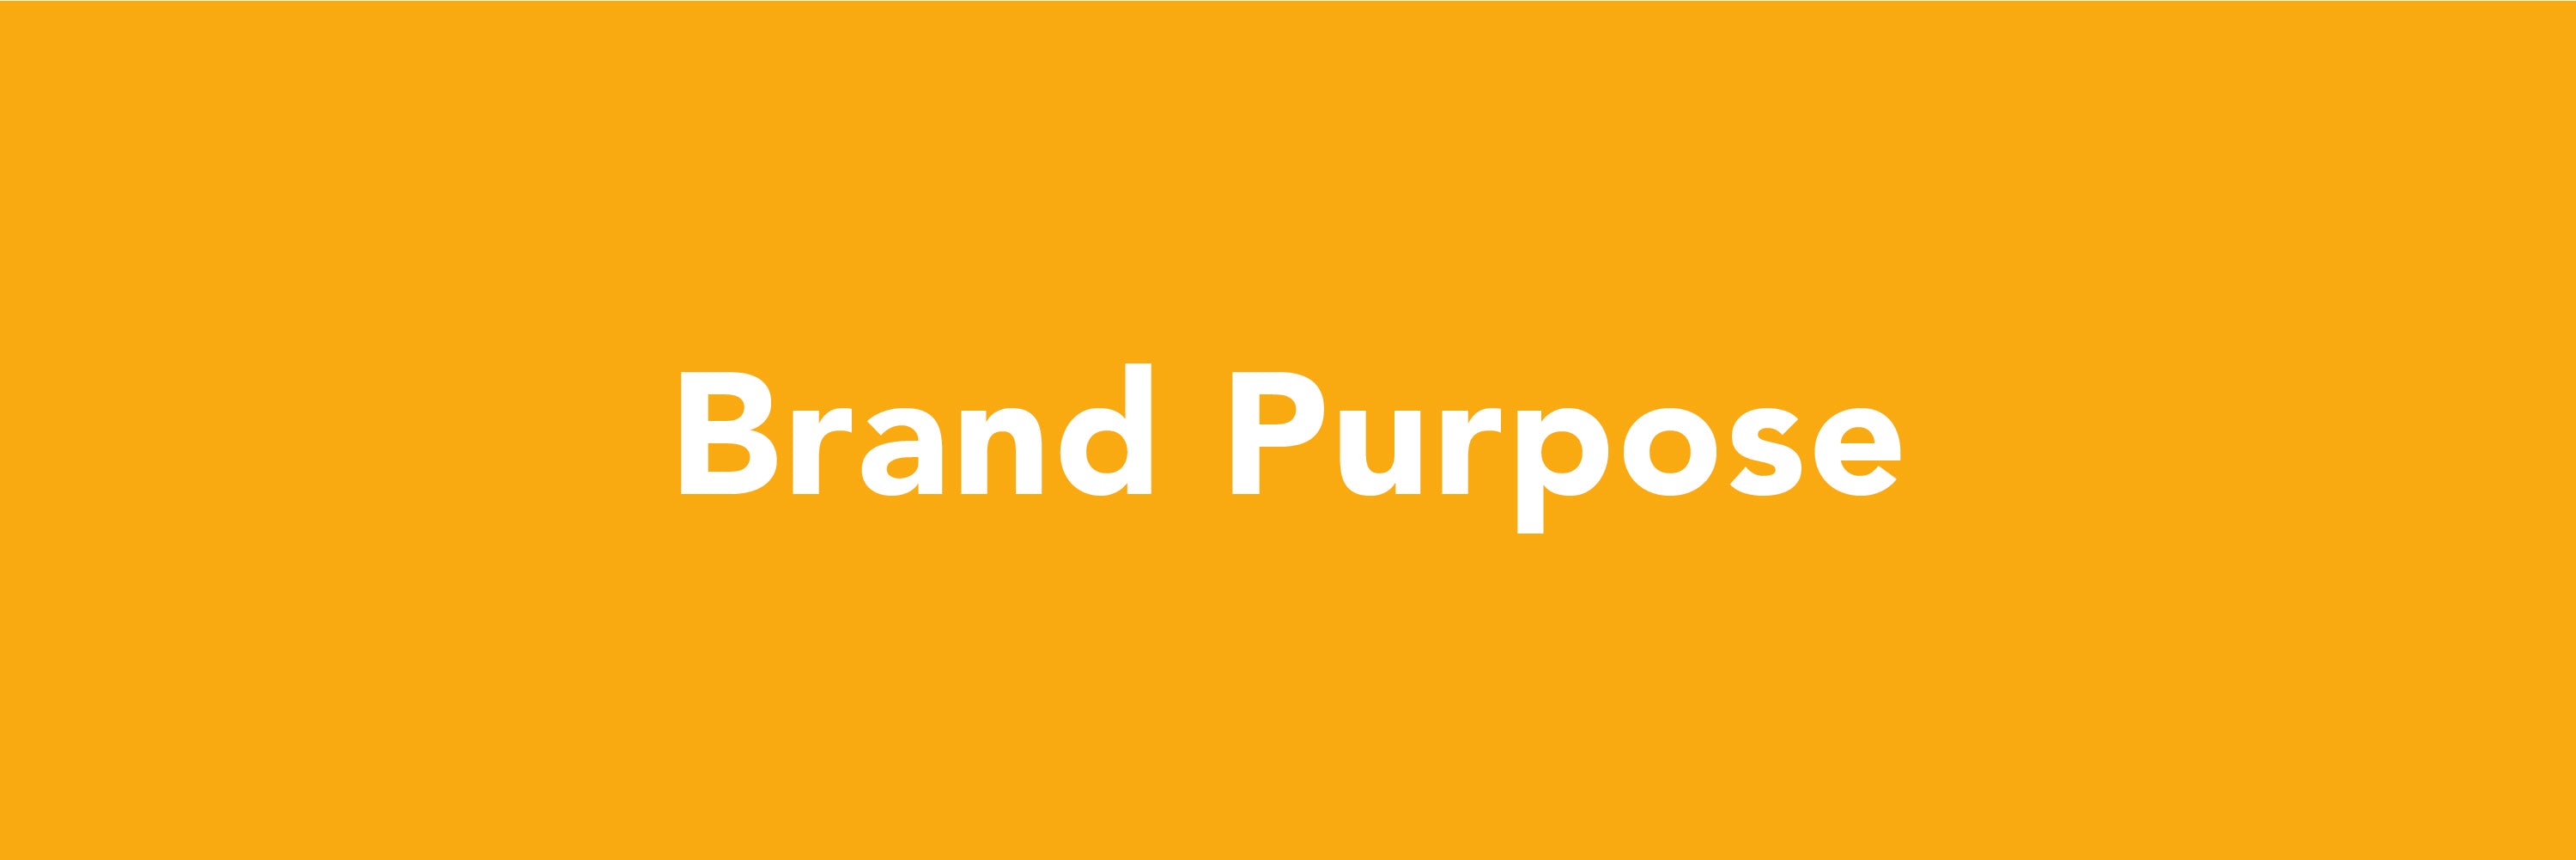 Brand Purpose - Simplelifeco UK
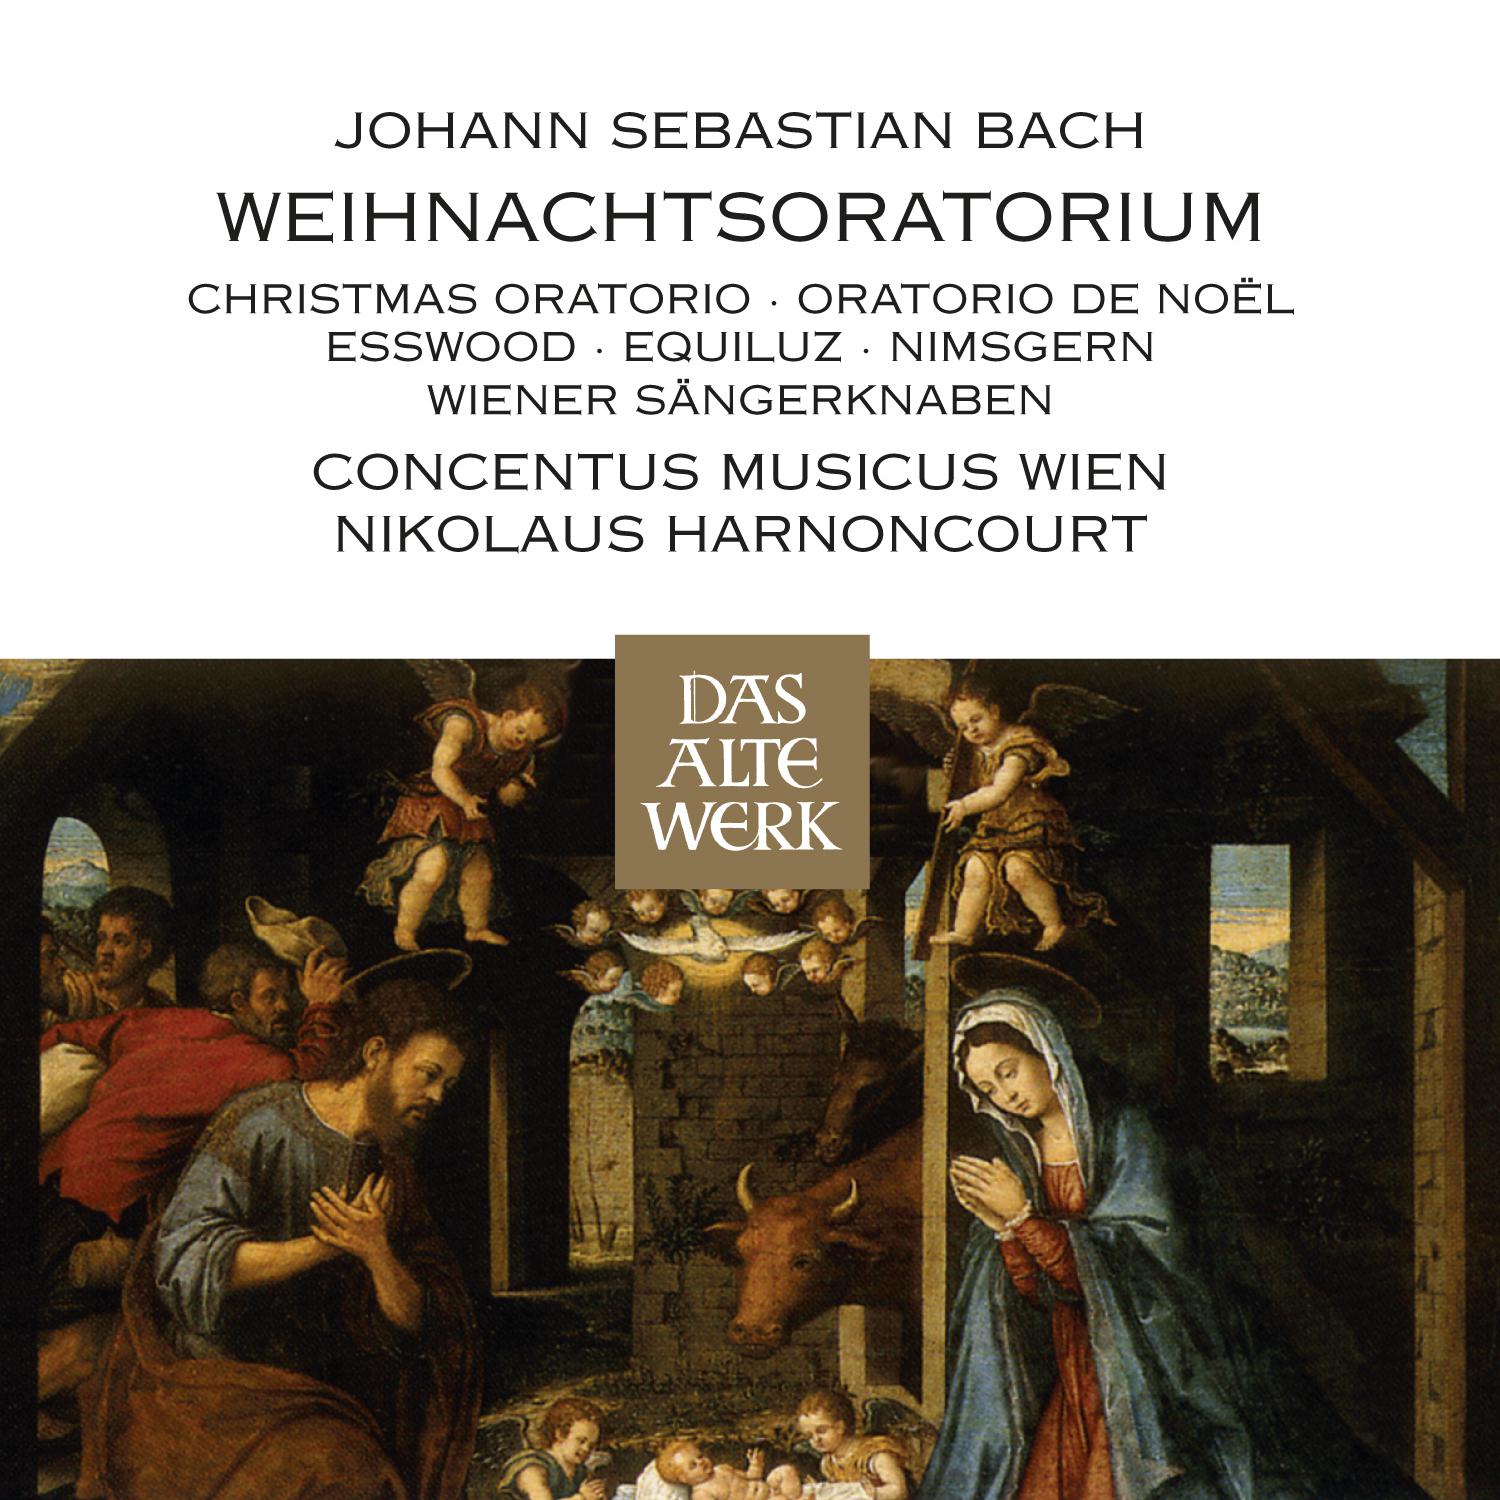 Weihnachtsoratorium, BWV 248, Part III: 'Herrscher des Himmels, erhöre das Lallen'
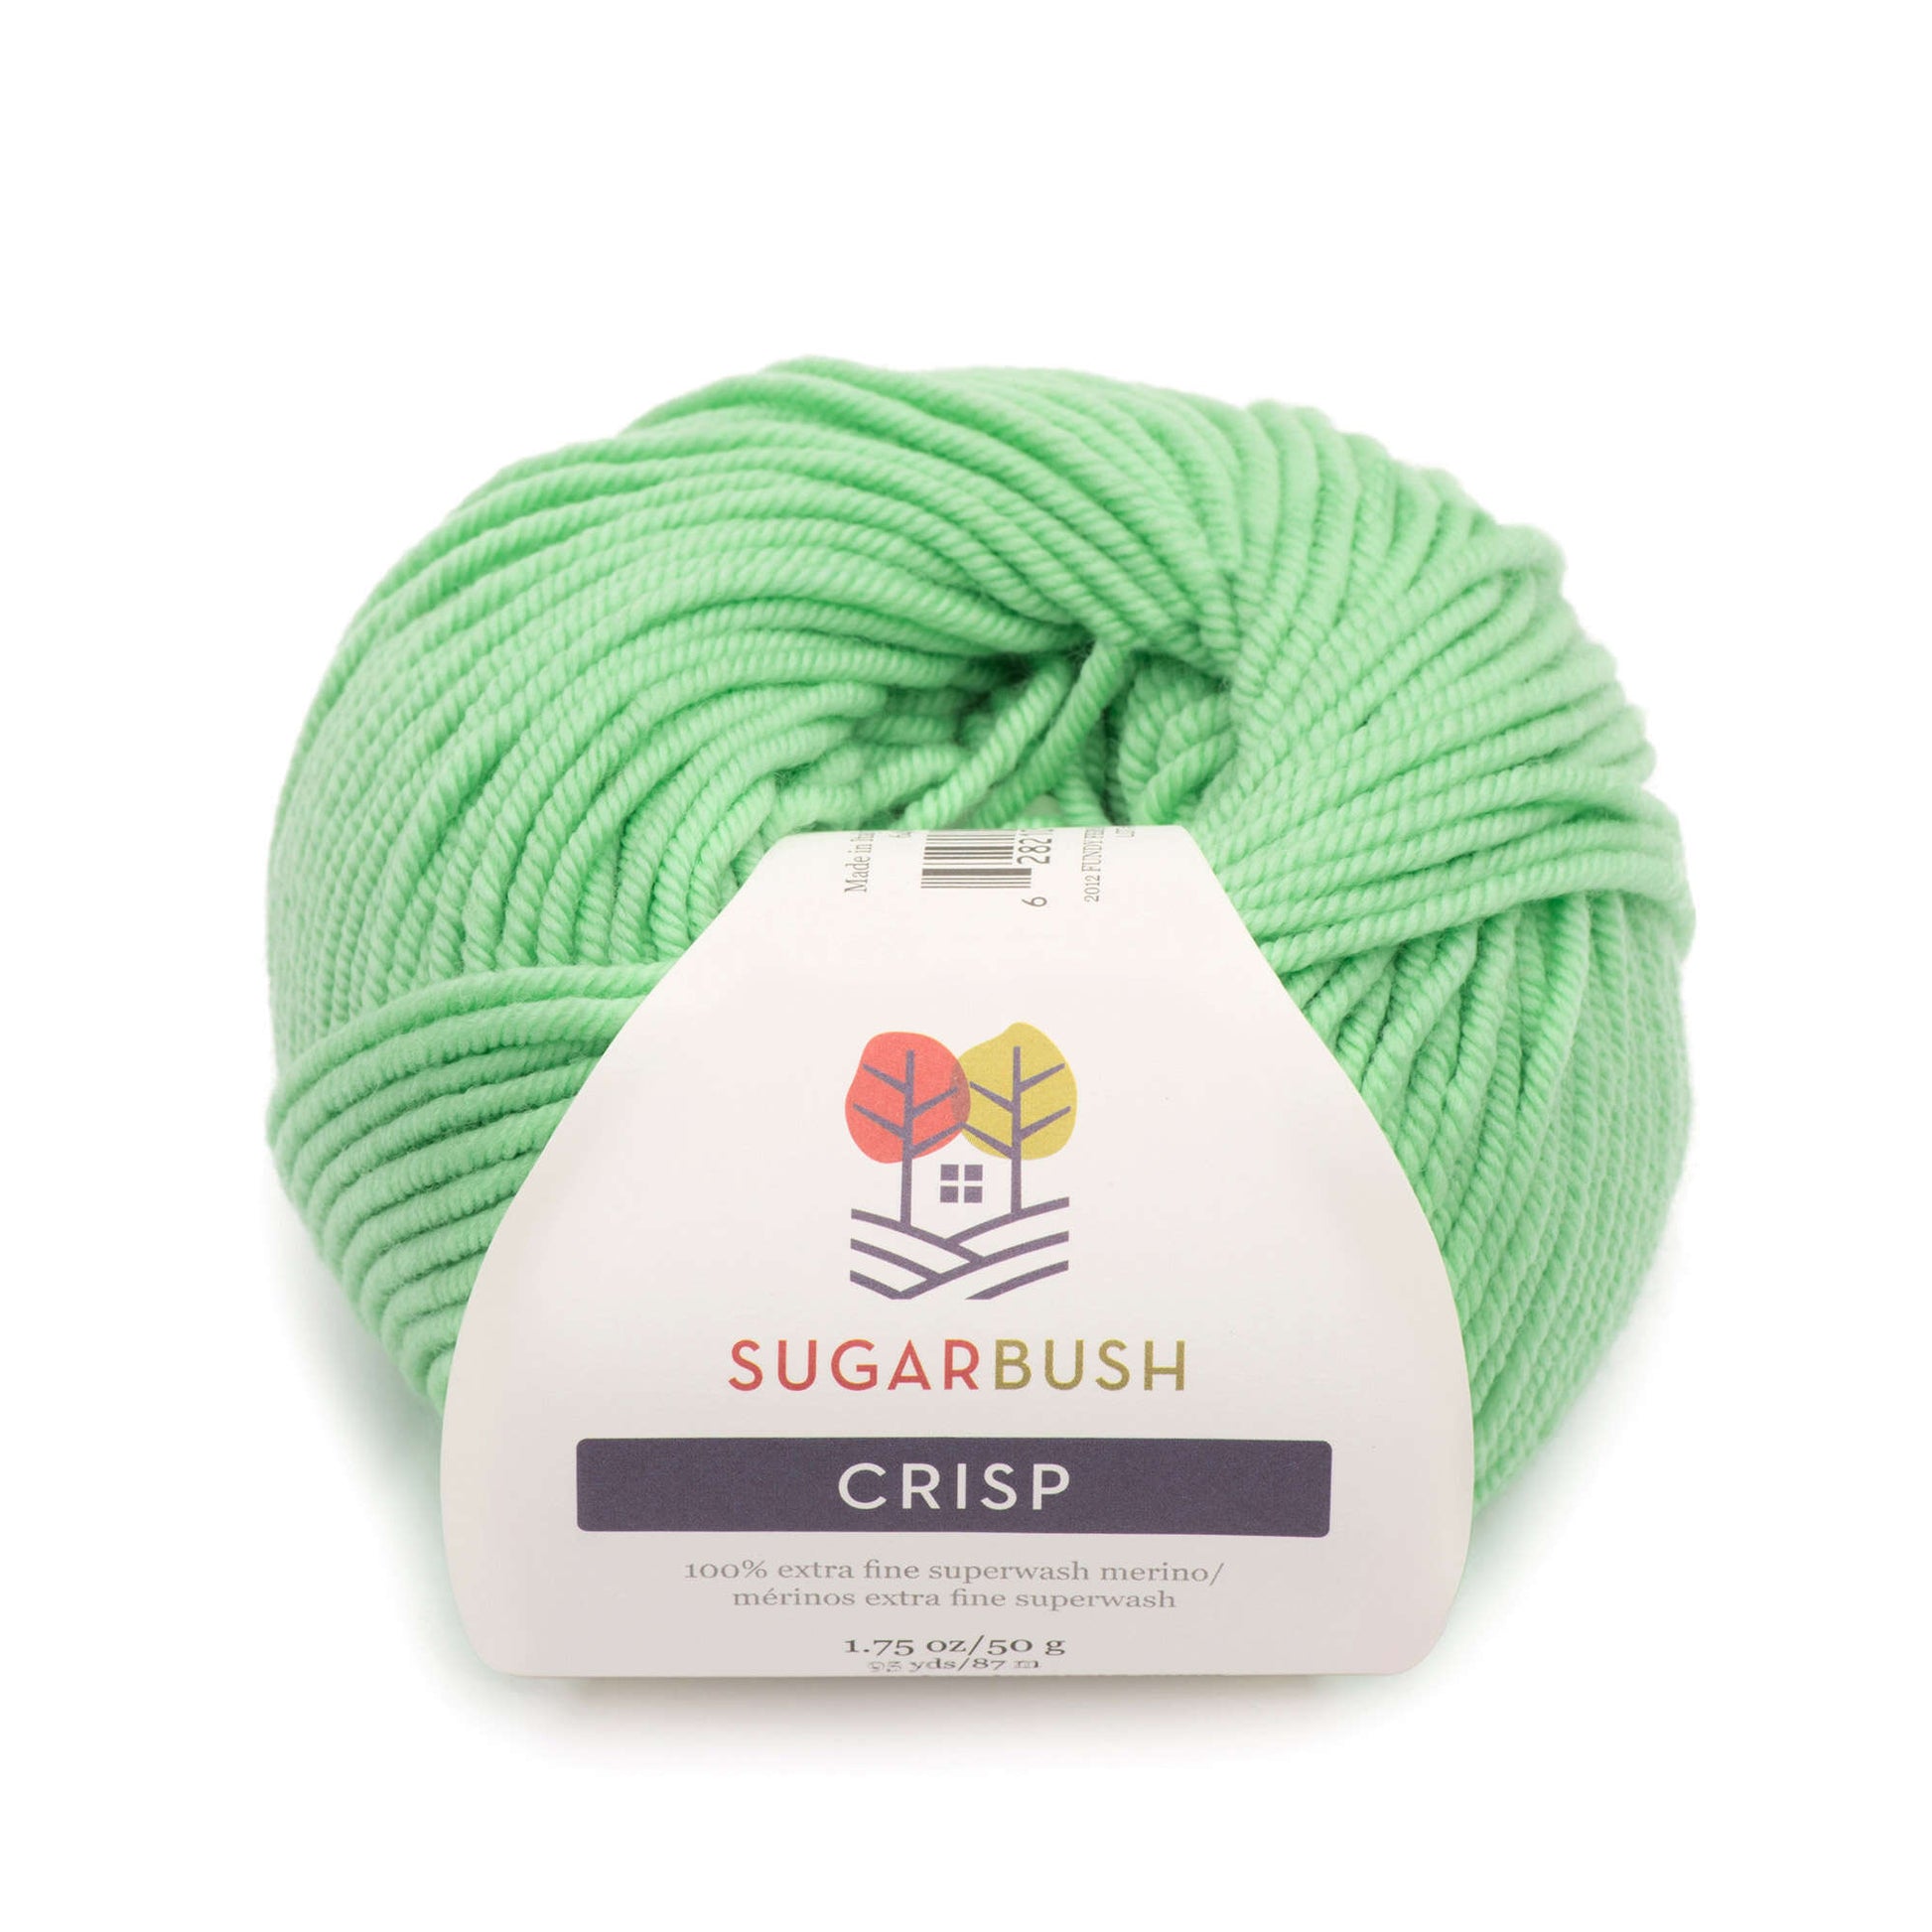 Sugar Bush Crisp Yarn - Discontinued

• _Problem description_
The lines to copy run from the one with "Weihnachtsoratorium, BWV 248, Part" through the end of the material. Write them out exactly, leaving out the pictures.

• _Expected answer_
 Weihnachtsoratorium, BWV 248, Part III: 'Herrscher des Himmels, erhöre das Lallen'
 Sugar Bush Crisp Yarn - Discontinued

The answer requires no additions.